**EXERCISE:** The expected output is every line of the data exactly as shown, minus the images.

**SUPPLIED MATERIAL:**
>>>

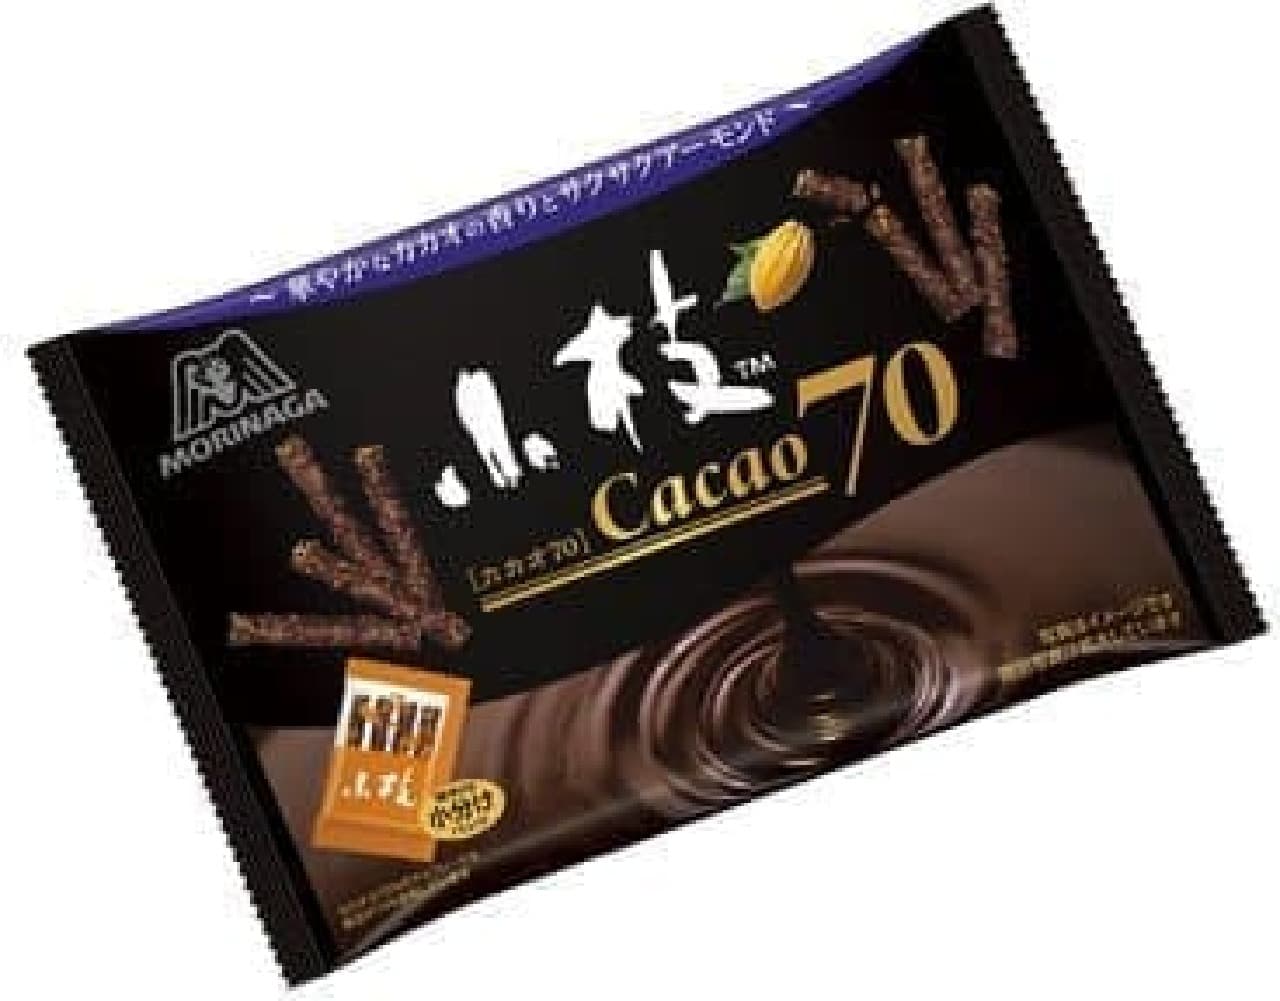 Morinaga & Co. "Twig [Cacao 70]" Tea Time Pack
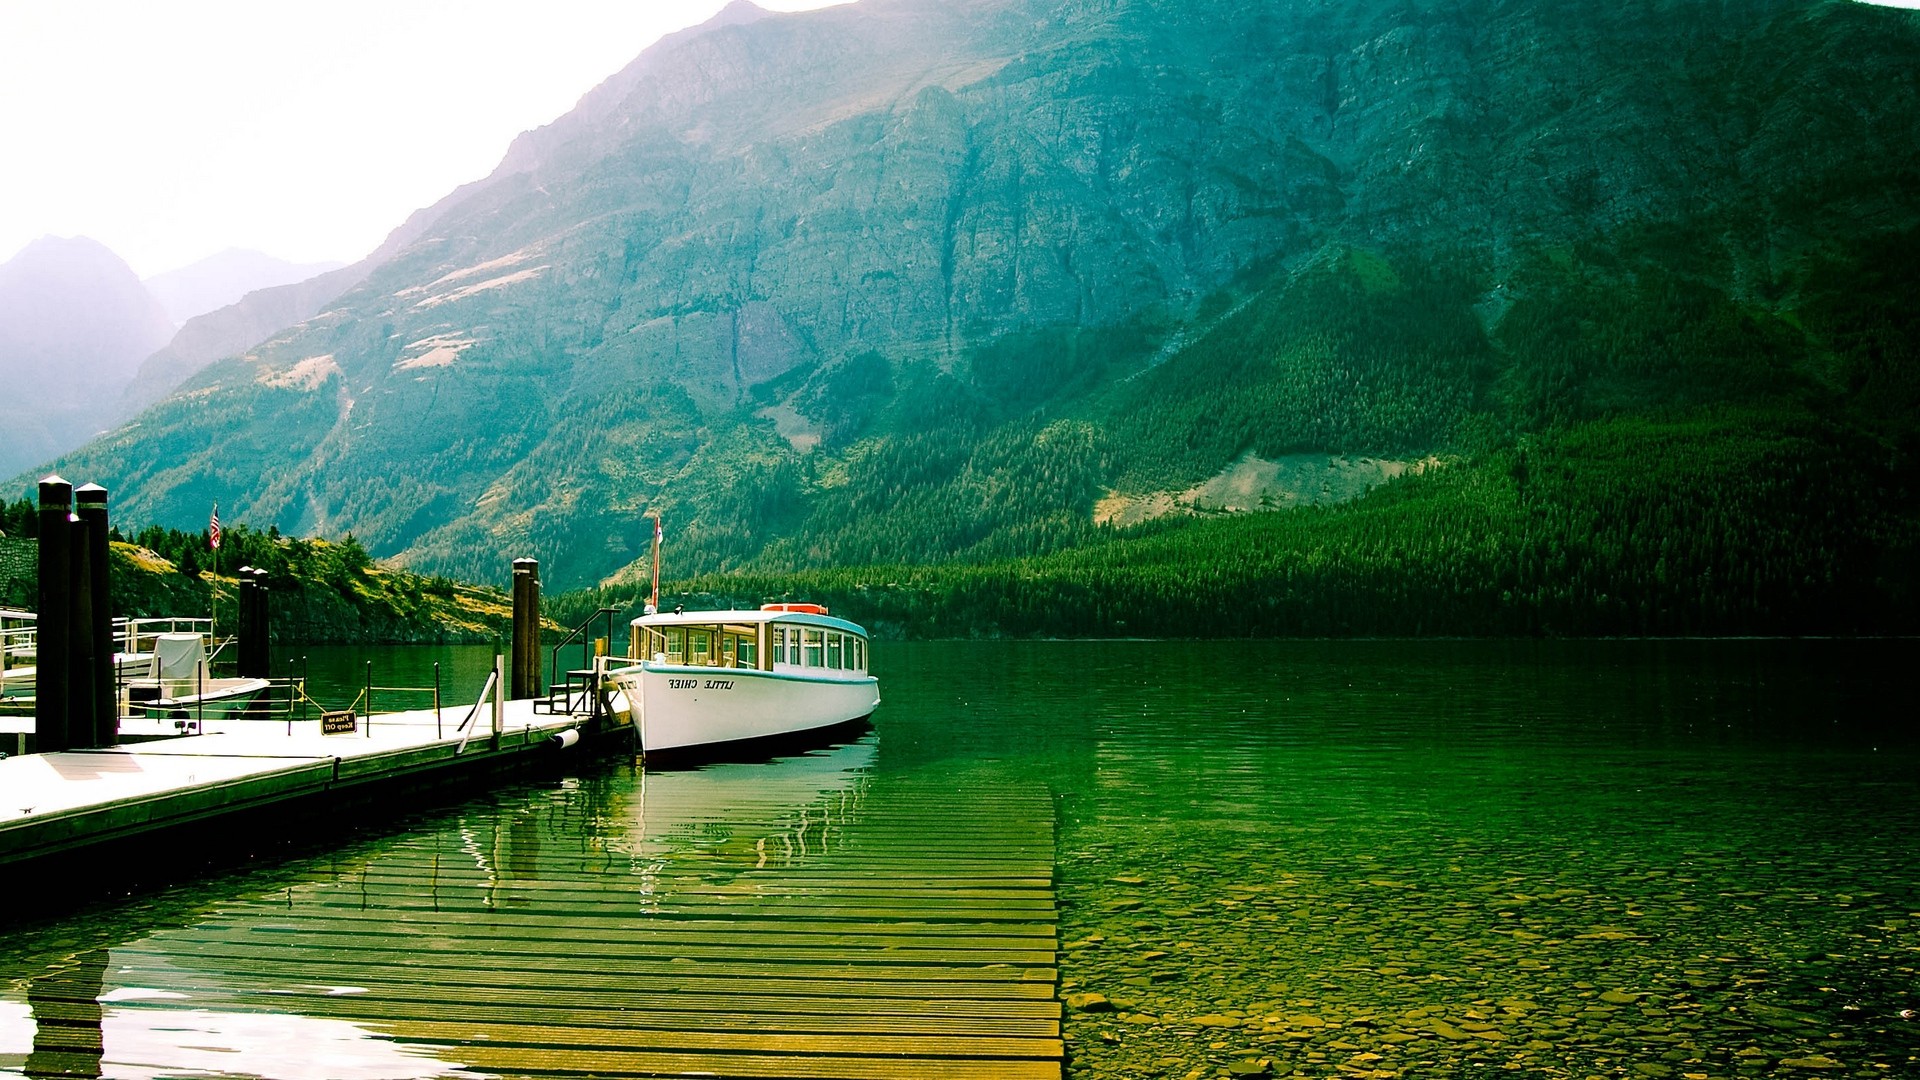 1920x1080 wallpapers: lake, mountains, bottom, transparent, boat, pleasure (image)
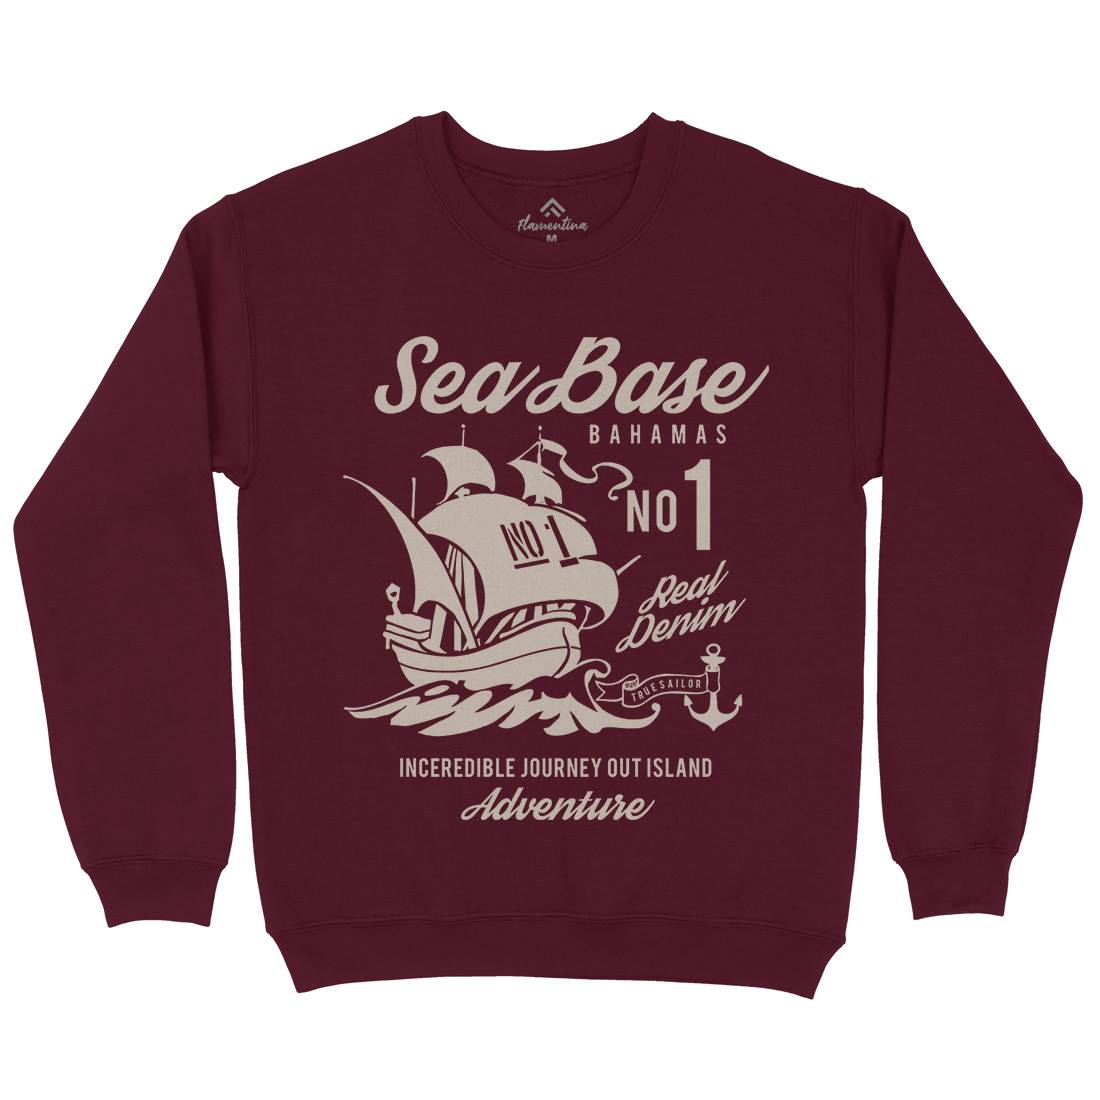 Sea Base Kids Crew Neck Sweatshirt Navy B252

<<<

**REPLY:**
 Morinaga & Co. "Twig [Cacao 70]" Tea Time Pack
 1920x1080 wallpapers: lake, mountains, bottom, transparent, boat, pleasure (image)
 Sea Base Kids Crew Neck Sweatshirt Navy B252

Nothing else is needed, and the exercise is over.